Capula Klein’s Bottle, 2007. Stainless steel frame and woven vinyl chord, 95 x 178 x 92 in.

Building New Topias: A Conversation with Pedro Reyes

The methods employed by an artist in producing a body of work are often made up of intricate and personal associations that may confound the way a viewer assimilates knowledge. Pedro Reyes, architect, cultural agent, and artist, employs simple means: objects and casual scenarios that blend the realms of utopia, psychology, function, individual fantasies, and collective aspirations. His works, often emerging from existing forms, are re-ordered into meaningful participatory events and social renewals, a strategy that aligns them with the theories of Nicolas Bourriaud. For Bourriaud, “the role of artworks is no longer to form imaginary and utopian realities, but to actually be ways of living and to produce models of action within the existing reality, whatever the scale.” Reyes’s work is conceptually based and visually unpredictable. His project Palas Por Pistolas, presented at a talk at the Storefront for Architecture in New York City in October 2007, inspired this interview. Reyes’s collaboration with architect Teddy Cruz, “Conflict Resolution,” was recently hosted by the San Francisco Art Institute, and the exhibition “Pedro Reyes: 47 Undertakings” recently closed at the Bass Museum of Art in Miami.

Carolee Thea: How did Palas Por Pistolas come about?
Pedro Reyes: I was invited to do Palas Por Pistolas for the botanical garden in Culiacán, a city in western Mexico with the highest number of gun deaths in the country. The gardens are beautiful and bucolic, considered the best collection of tropical plants in the Americas, but outside the walls, violence prevails. My project tried to bridge the two worlds. My initial step was to organize a campaign in cooperation with the city government—collecting weapons and melting the metal into shovels that would later be used to plant trees in the city and beyond. It’s like a transmutation of metal motivated by the social design embedded in the process of removing the weapons from circulation—like agents of death turned into agents of life. I want to believe that by taking 1,500 arms out of circulation we might save a few lives, but the real purpose of the piece is to add a story to the world, so in other cities they will say, “In Culiacán, they did that. ”

CT: Who instigated the project?
PR: I was invited by the curator Patrick Charpenel and the patron of the botanical garden, Agustin Coppel, a visionary philanthropist. I quickly understood that Culiacán is like a gun-slinging town in an American Western. In my research, I spoke with many people who knew of someone, in their own family or another one, who had been shot. My ensuing deliberations connected the guns and the garden to produce a social metamorphosis.

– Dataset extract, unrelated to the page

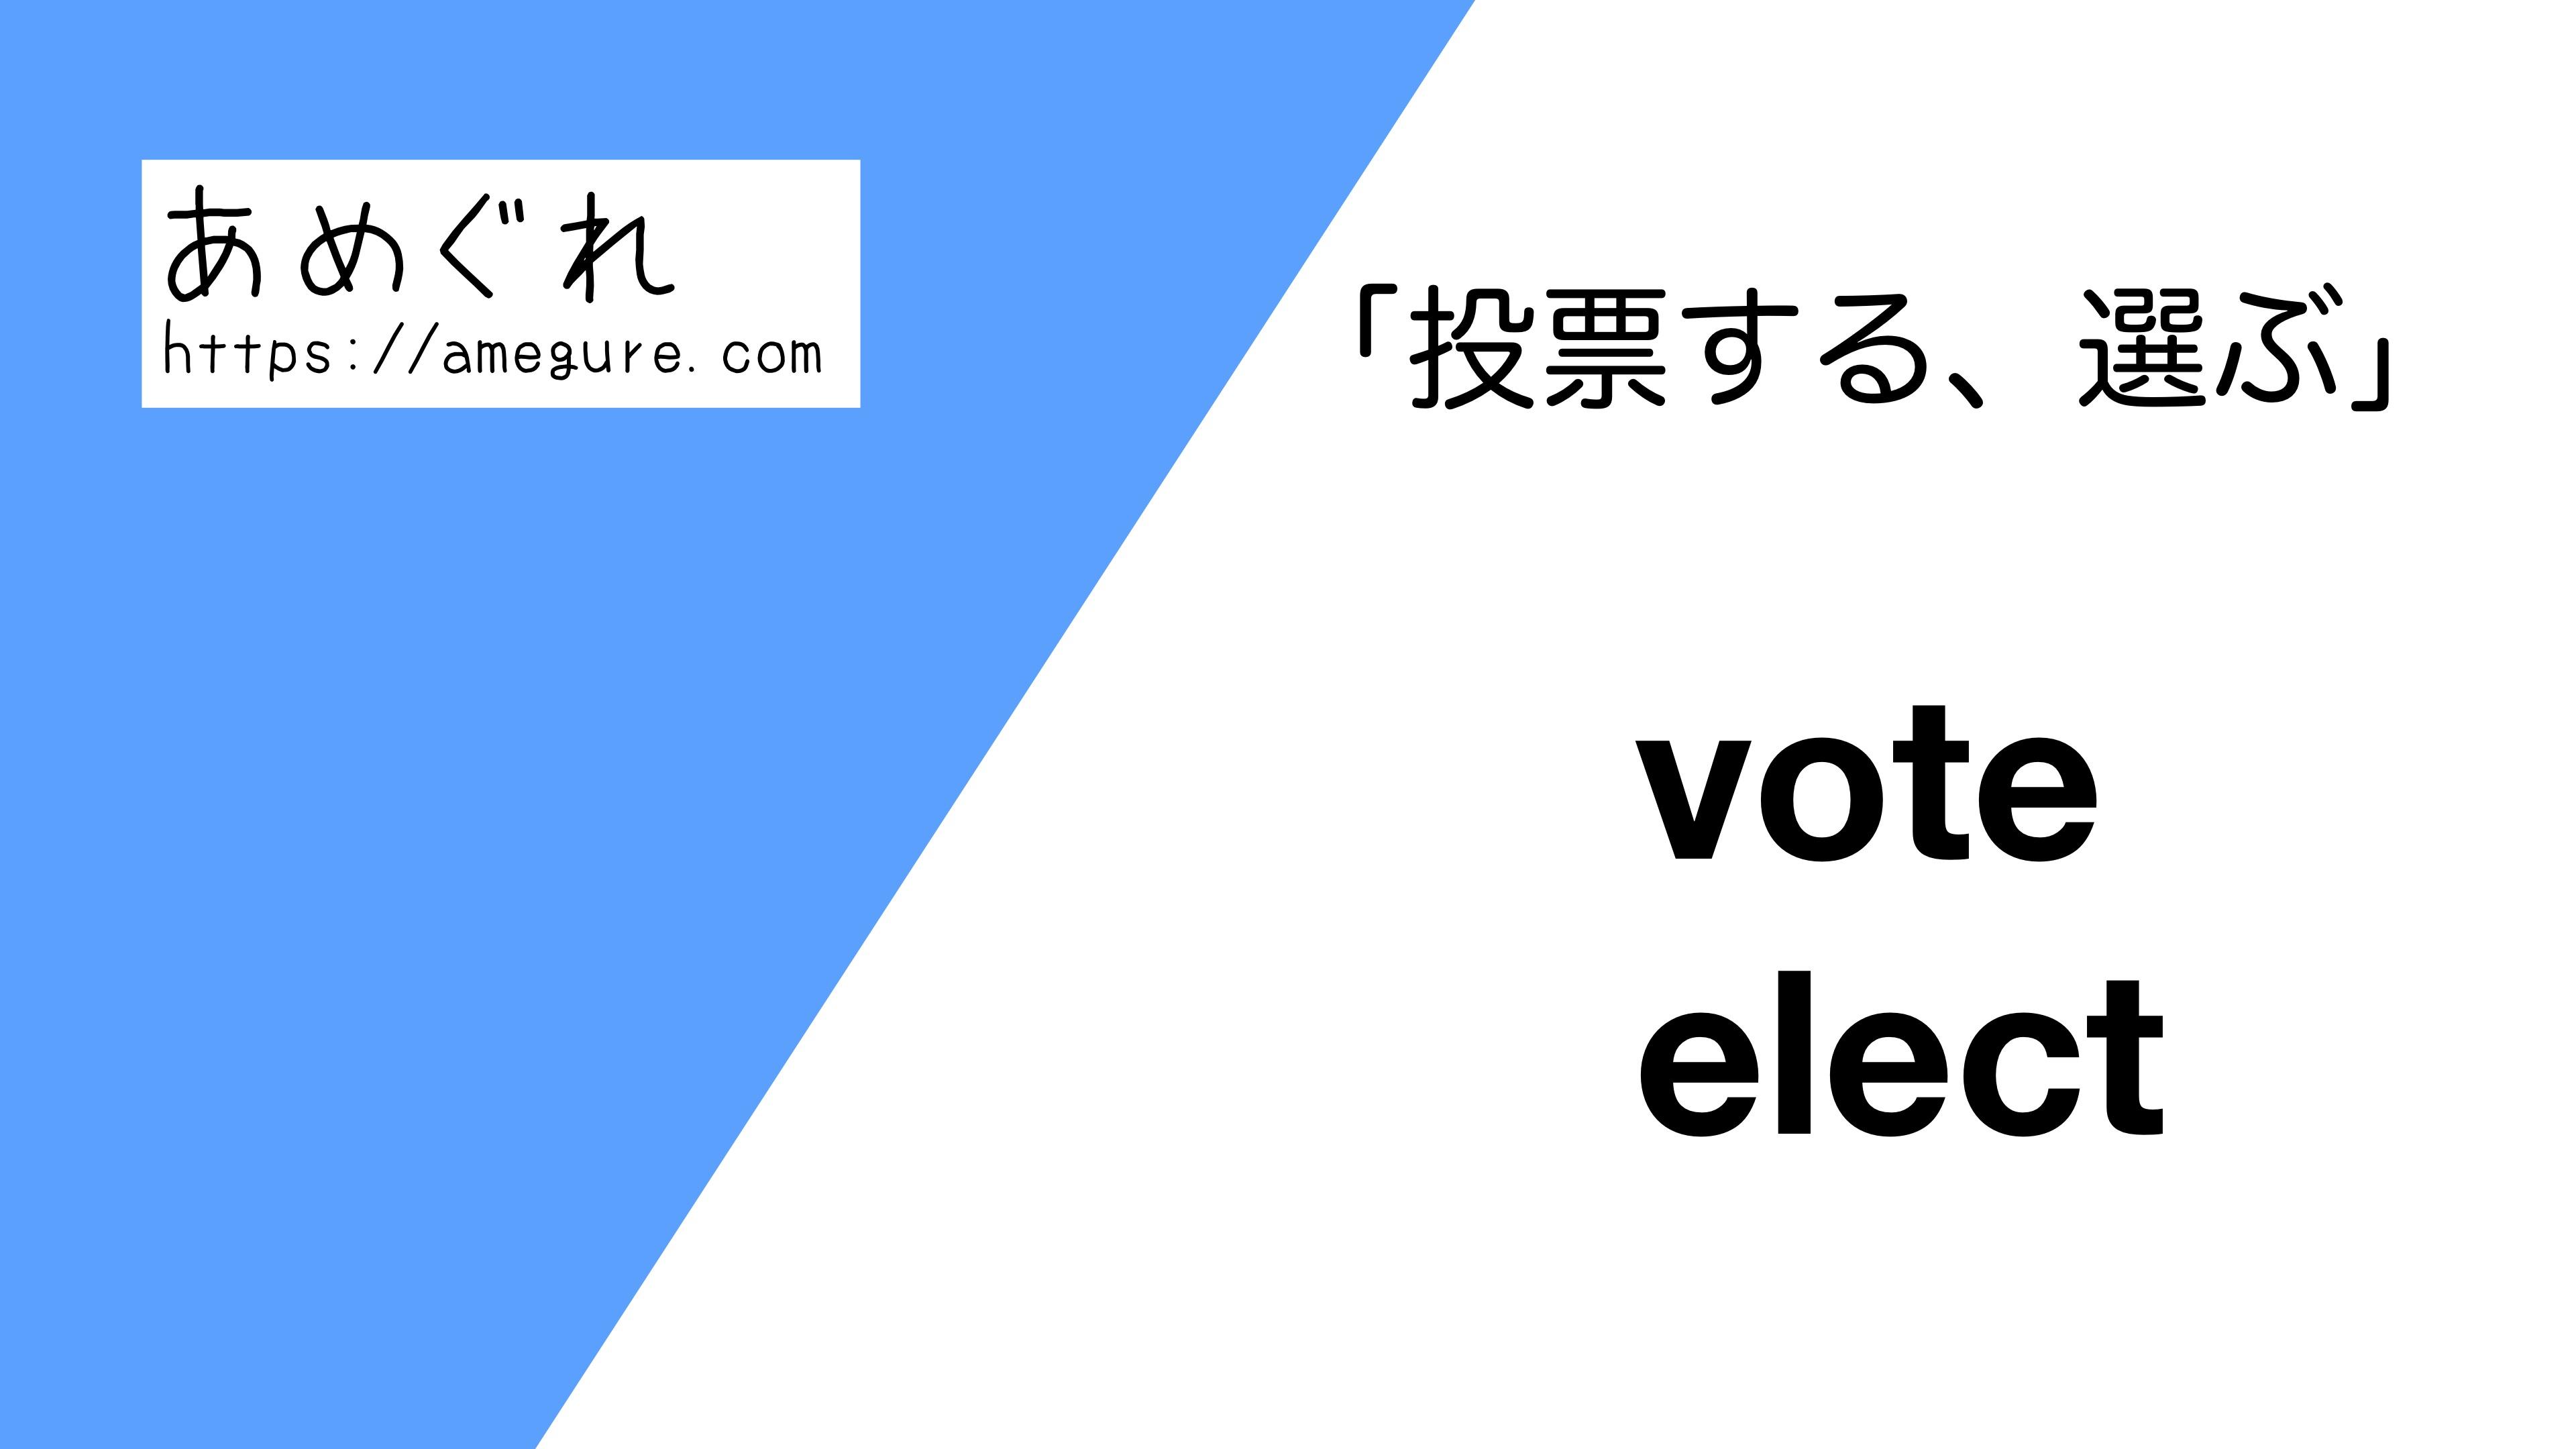 vote-elect違い

CT: Instead of a traditional approach to making sculpture for a specific site, you negotiated several environments, seizing on the opportunity to collaborate with an institution to transform its surroundings. This is a very different approach than that used by artists in the ’60s and ’70s, when symbolic means exposed social inequities and anti-democratic institutions. Enlisting the help of institutions was not desirable.
PR: The point you make is very interesting. Often the idea of resisting the institution is a bit like renouncing your responsibility, because the people working within the institutions may want to dialogue, and furthermore, they may be willing to be called into the project. For me, the idea of going against the institution is childish.